- **Aim of the task**: Skip the pictures and repeat each line of the data exactly.

- **Given material**:
- Opening Delimiter -
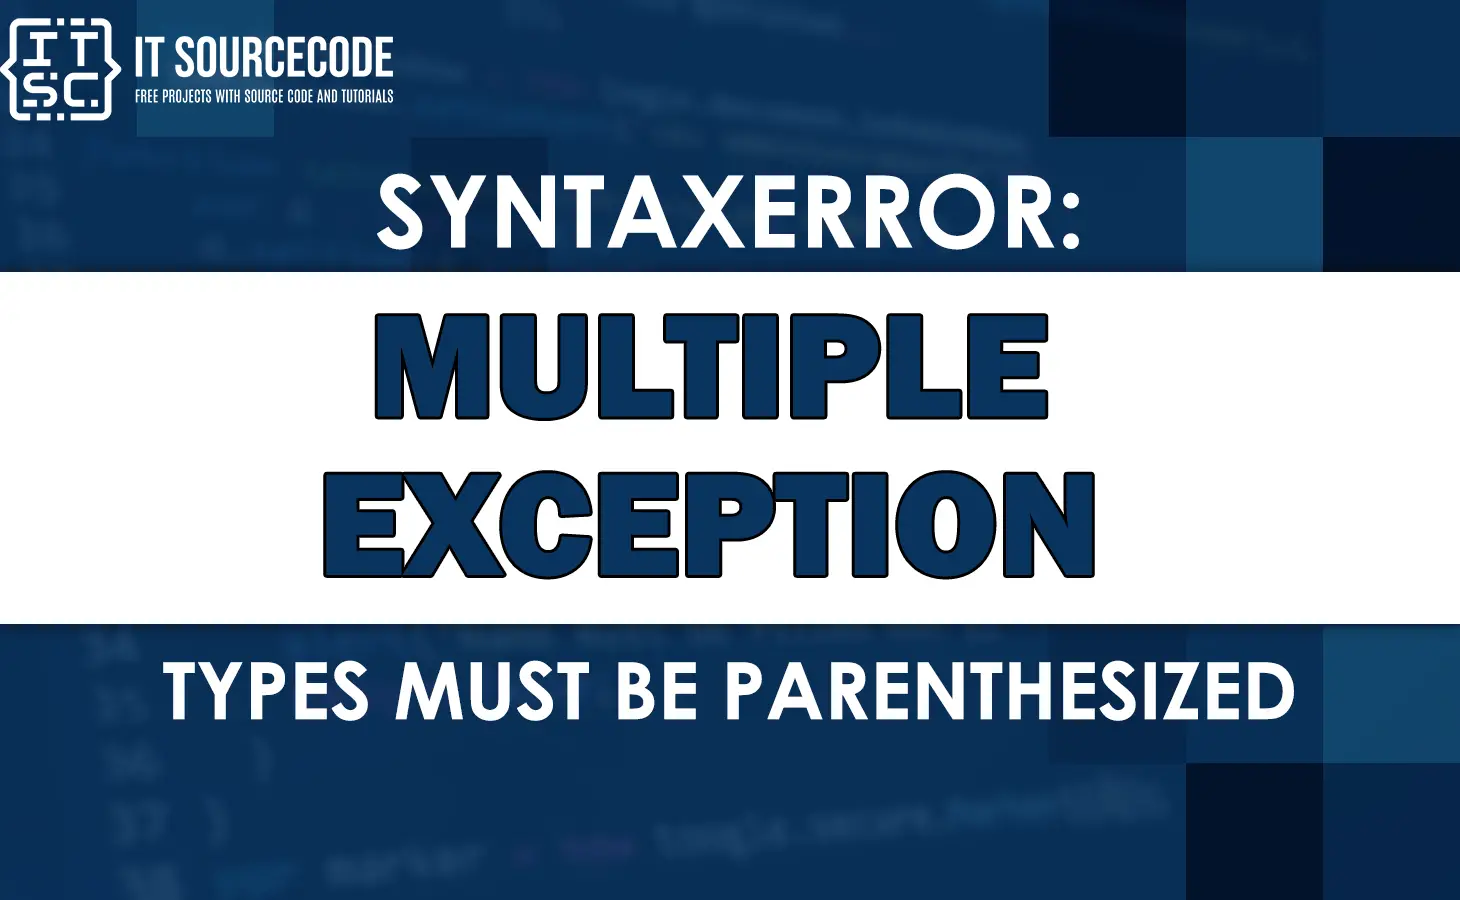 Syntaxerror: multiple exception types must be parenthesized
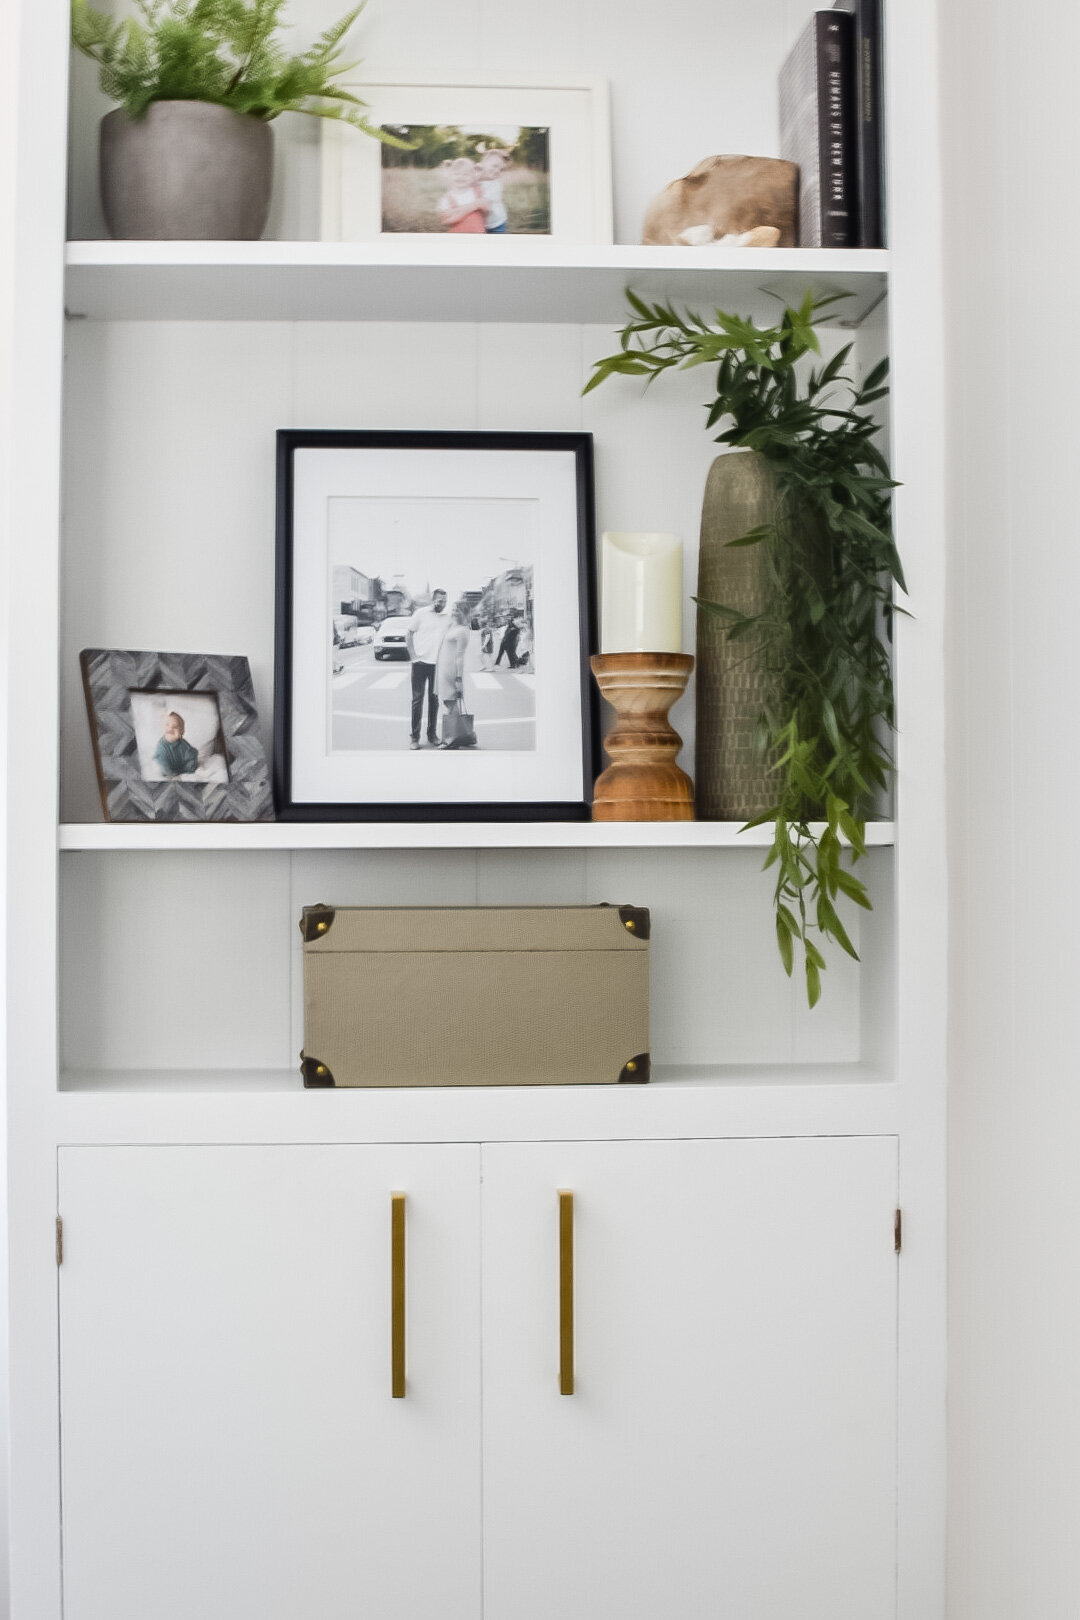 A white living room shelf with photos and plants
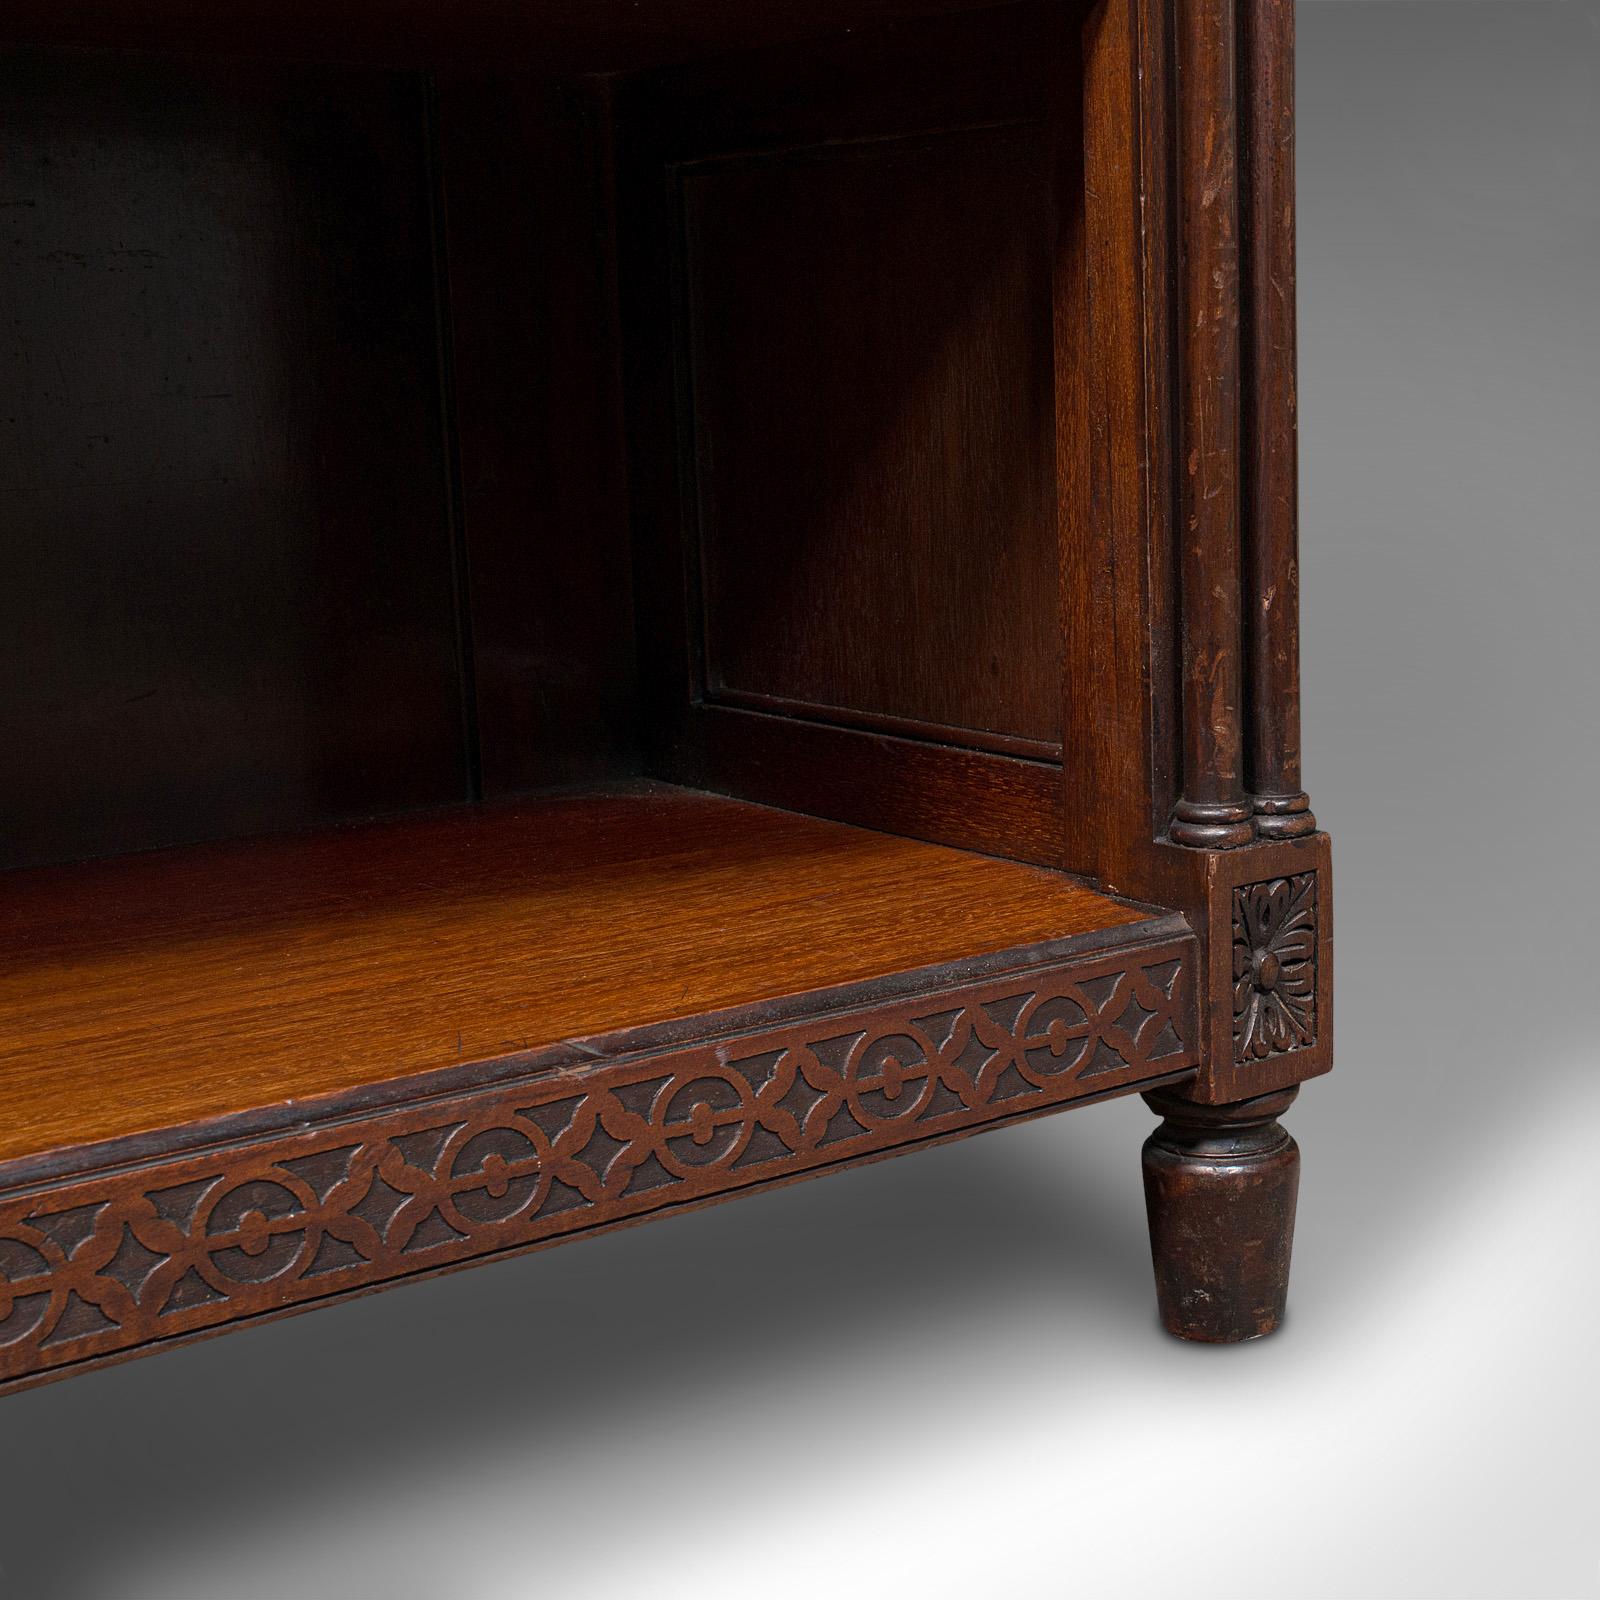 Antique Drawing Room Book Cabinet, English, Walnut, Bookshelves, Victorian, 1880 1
- Closing Delimiter -
- **Written response**:
 Syntaxerror: multiple exception types must be parenthesized
 A white living room shelf with photos and plants
 Antique Drawing Room Book Cabinet, English, Walnut, Bookshelves, Victorian, 1880 1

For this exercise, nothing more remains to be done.